From Spain and 2018.
“Because of the incipient surgical techniques at the time, the question of EOM involvement in myopia was prematurely abandoned in the early 20th century. As a result, the participation of the extra and intraocular muscles in scleral distension has not been appropriately dealt with.”
" The EOMs are able to contract with fiber shortening (isotonic contraction) or without fiber shortening (isometric contraction). By a combination of both types of contraction, the eye rotates around two areas known as space and body centrodes, situated 13.5 mm behind the cornea and nasally displaced from the geometrical center of the globe (9).
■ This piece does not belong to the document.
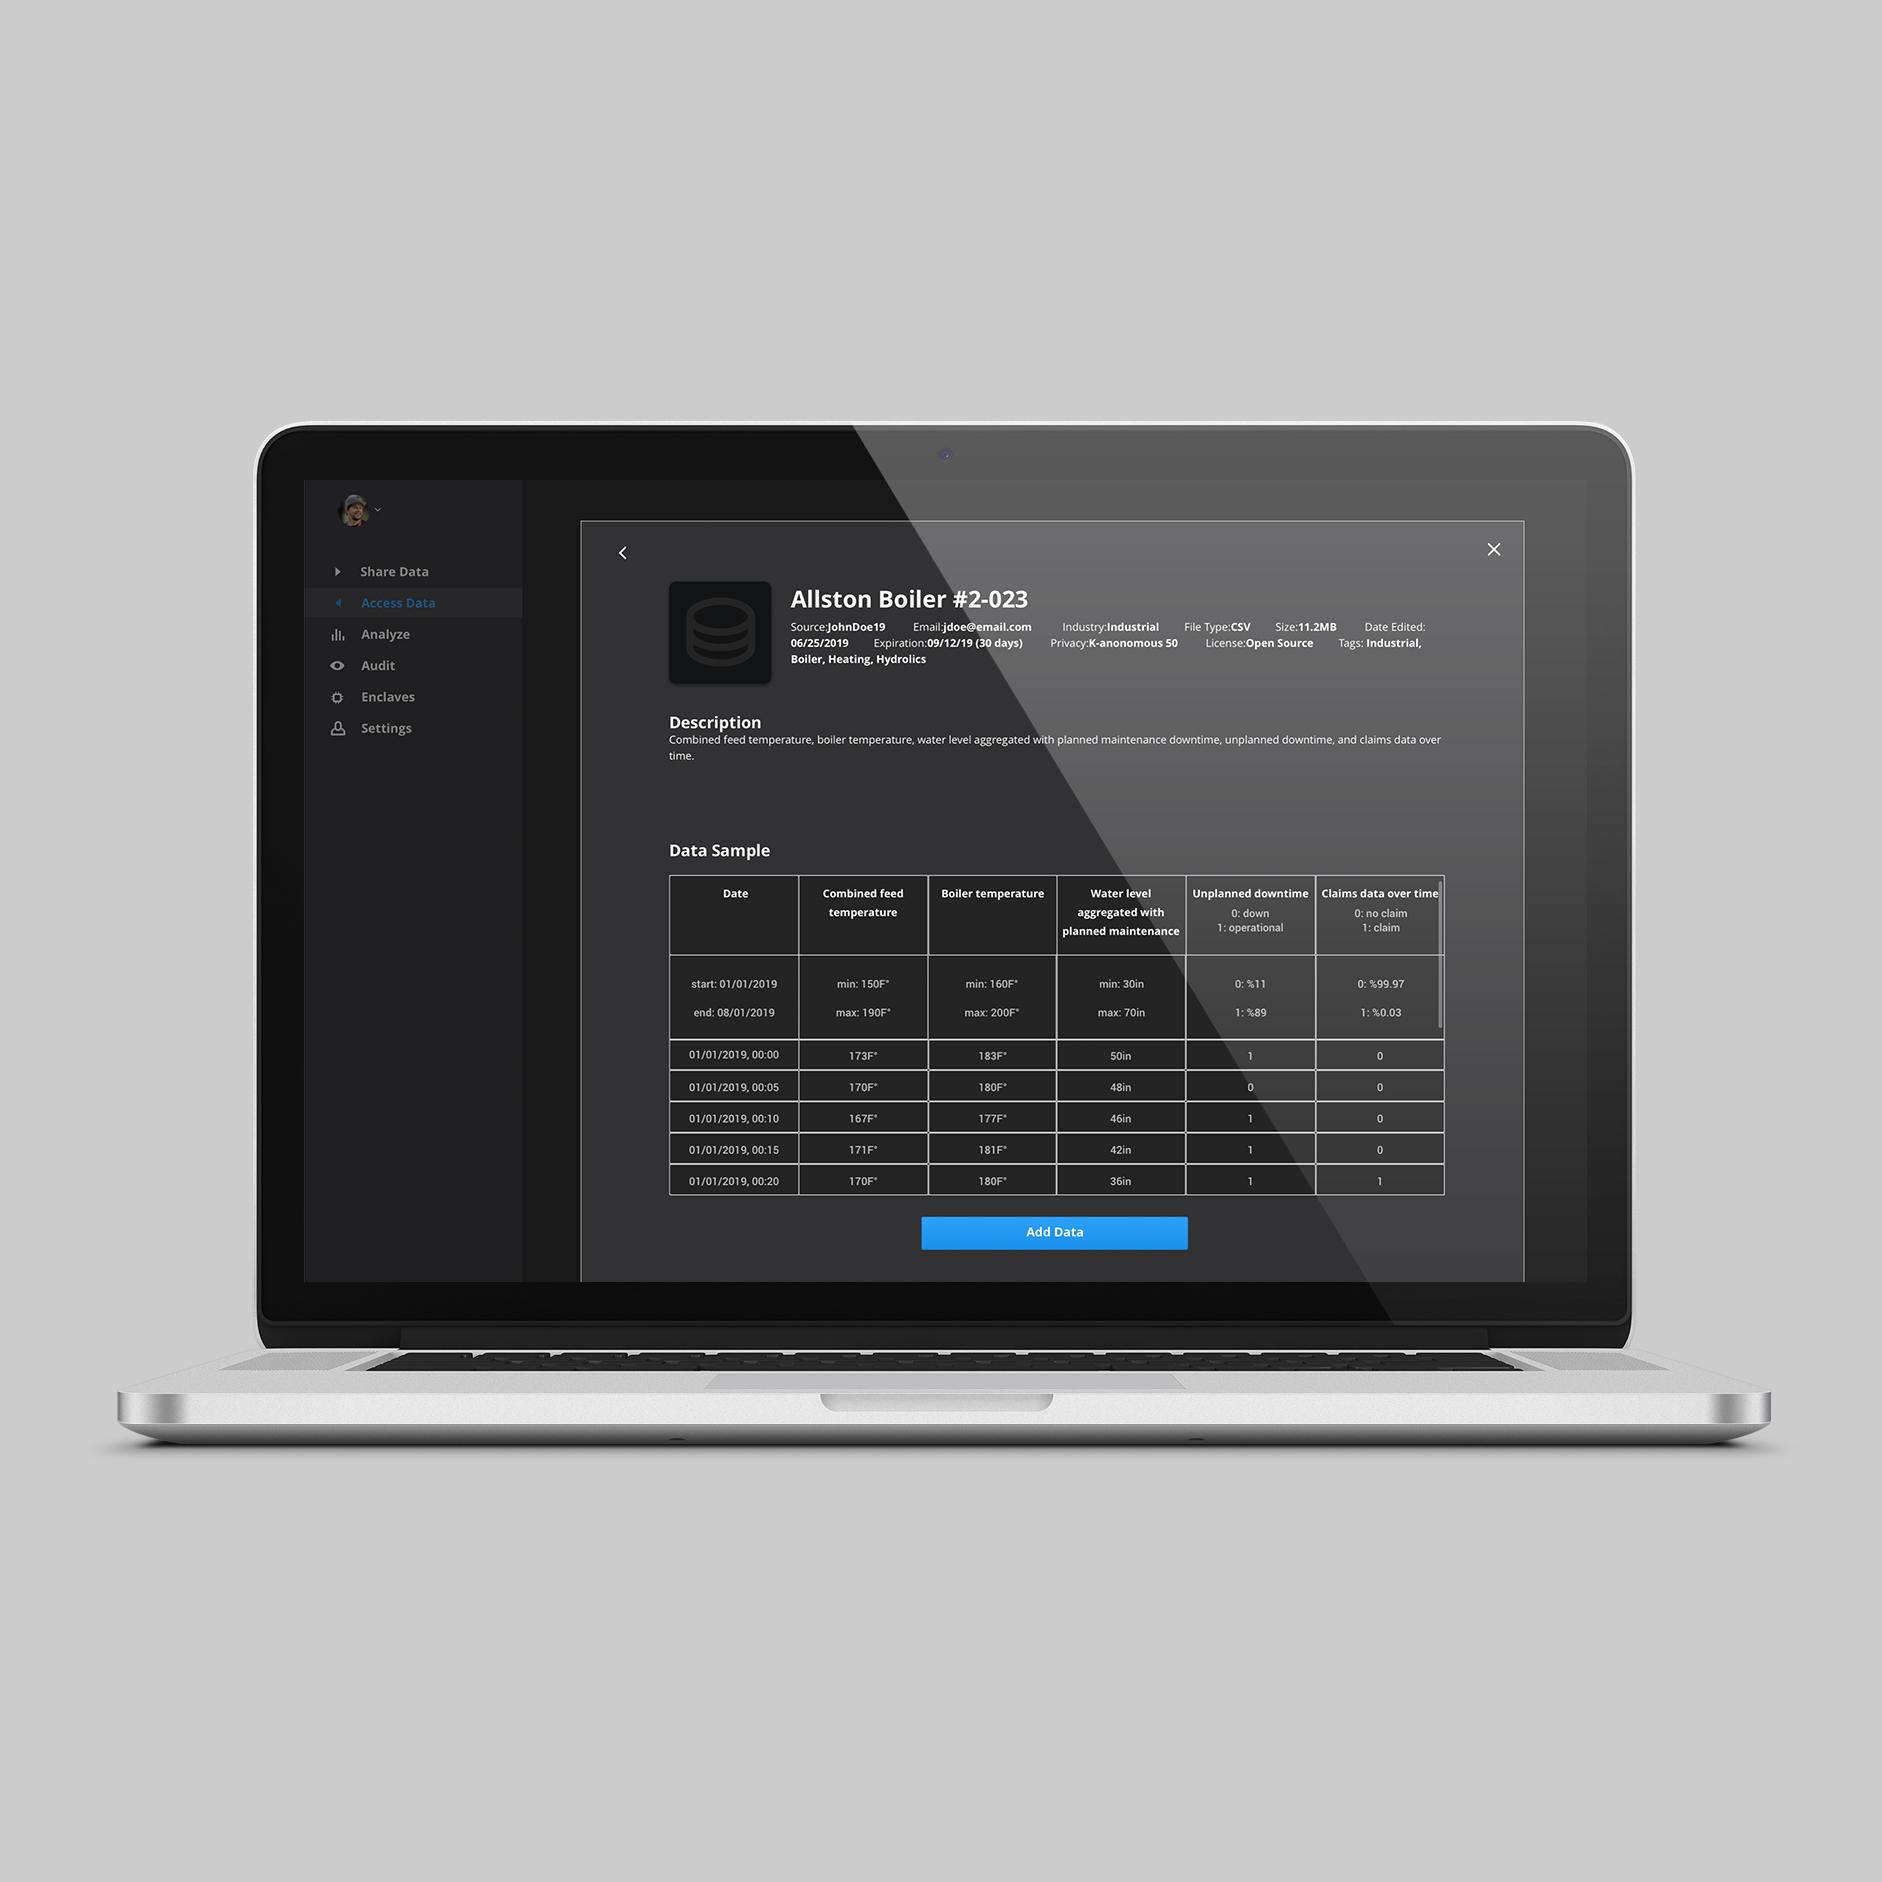 SAIL - Design Research, UI/UX, Marketing, Strategy

To accomplish the formidable task of accessing virtually infinite positions, the EOMs are endowed with unusual physiological characteristics that derive from their expression of specific contractile proteins including, myosin heavy chain isoforms, myosin light chains, tropomyosin, and troponin, connected in parallel or in series, and other special features. The EOM myofiber continuum hypothesis combined with the non-linearity of eye muscle contractile properties would explain a total central nervous system (CNS) control of muscle tone and eye position and velocity. In EOM there seems to be a continuum of myofiber types. Each myosin heavy and light chain isoform results in a distinct shortening velocity, which would translate in an increased plasticity in the control of muscle force generation (10)."
"It can be argued that an anterior group of recti muscles acting jointly with isometrical contraction would fix the eye, while the ciliary muscle would pull anteriorly the choroid. At the same time, the joint action of both oblique muscles, acting isotonically, would pull apart the posterior pole, with the result of eye enlargement. The angle formed by the obliques and the ocular axis ranges in the low fifties [51° for inferior oblique (IO) and 54° for SO]. Convergence is the position of the globe in which the elevator and depressor action of the obliques is maximal. This is the near (reading) position with a synergy with accommodation (and miosis). In this position, the four recti can maintain the globe fixed with a tonic grip, while the maximal conjunct action of the obliques pulls the posterior pole apart, causing the elongation of the globe in its post-equatorial half ( Figure 1 ). Scleral pulling would secondarily cause choroidal stretching and rarefaction.
Figure 1 Eye and extraocular muscles relationship in myopia. (A) Position of the insertion of the IO in the posterior pole in relation to the fovea. Measurements in millimetres: (a) Wolf 1954; (b) Massri 1963; © Whitnall 1932. [Inspired by drawings in references (11,12)]; (B) isometric contraction of the anterior muscles (4 recti) maintains the anterior segment fixed, while the metric contraction of the inferior and superior obliques pulls apart the posterior pole, enlarging the globe at expenses of the retro-equatorial half. The ciliary muscle, mainly the longitudinal portion, acts contracting isotonically as a tensor of the choroid; © convergence of the globe is the position of maximal effect of the obliques. These are coincidentally the reading position and general near vision, with the synkinesis accommodation, convergence, and miosis.
A recent study relates severe IO overaction to thinning of the subfoveal choroid (wow!!), attributable to external mechanical effect (13). Myopia and near-work are statistically related in many studies, although also here are appearing divergent results (14,15)."